Motherisk did groundbreaking research, especially on the role of folic acid preventing birth defects and cancer, and how codeine-based medicine can be fatal to babies after surgery. But labs, no matter how successful, need to generate funds. So Motherisk created a spinoff hair-testing business – one that proved quite lucrative, bringing in up to $1.3-million a year.

Dr. Koren became a much-called-upon expert witness. Problem was he was not an expert in this kind of pathological testing. Justice Lang found that much of his testimony was grossly misleading – there were huge leaps made based on flawed tests.

How does this happen?

In modern society (and perhaps even more in the legal and courts system), we are enamoured by TV series, such as CSI, where a single strand of hair tells a rich, definitive tale.

In real life, science is rarely that magical. Things like hair testing provide some information, but it requires much interpretation and even more caution.
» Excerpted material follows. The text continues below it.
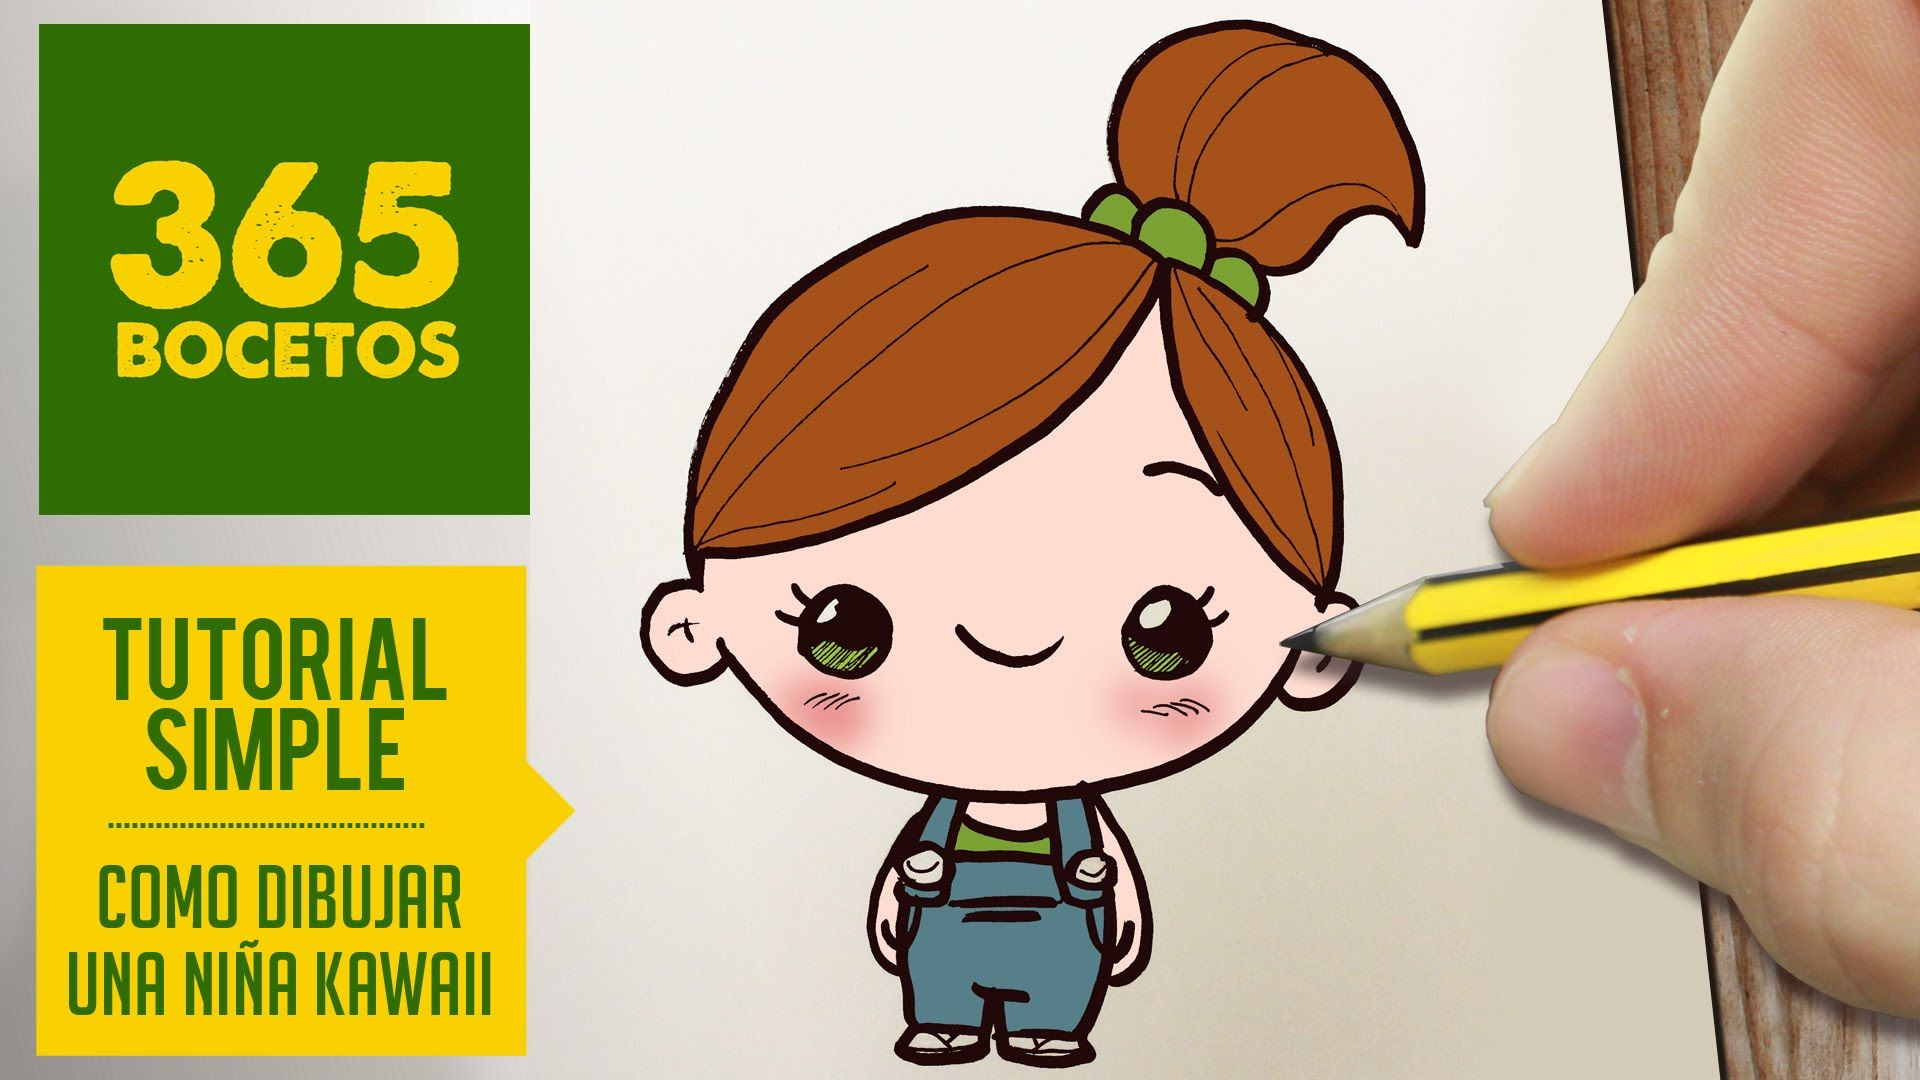 Como Dibujar Una Nina Kawaii Paso A Paso Dibujos Kawaii Faciles How To Draw A Girl Como Dibujar Ninos Dibujos Kawaii Dibujos Kawaii Faciles

When you have a financial interest in offering black-and-white interpretations, and little oversight and accountability, trouble can ensue. The hair-testing debacle demonstrates this all too well.

But what’s most troubling of all is that the Motherisk story is oddly familiar.

Children, their parents and the public deserve better from Sick Kids.

And if it’s so prestigious, how did they get the Listeria advice so wrong?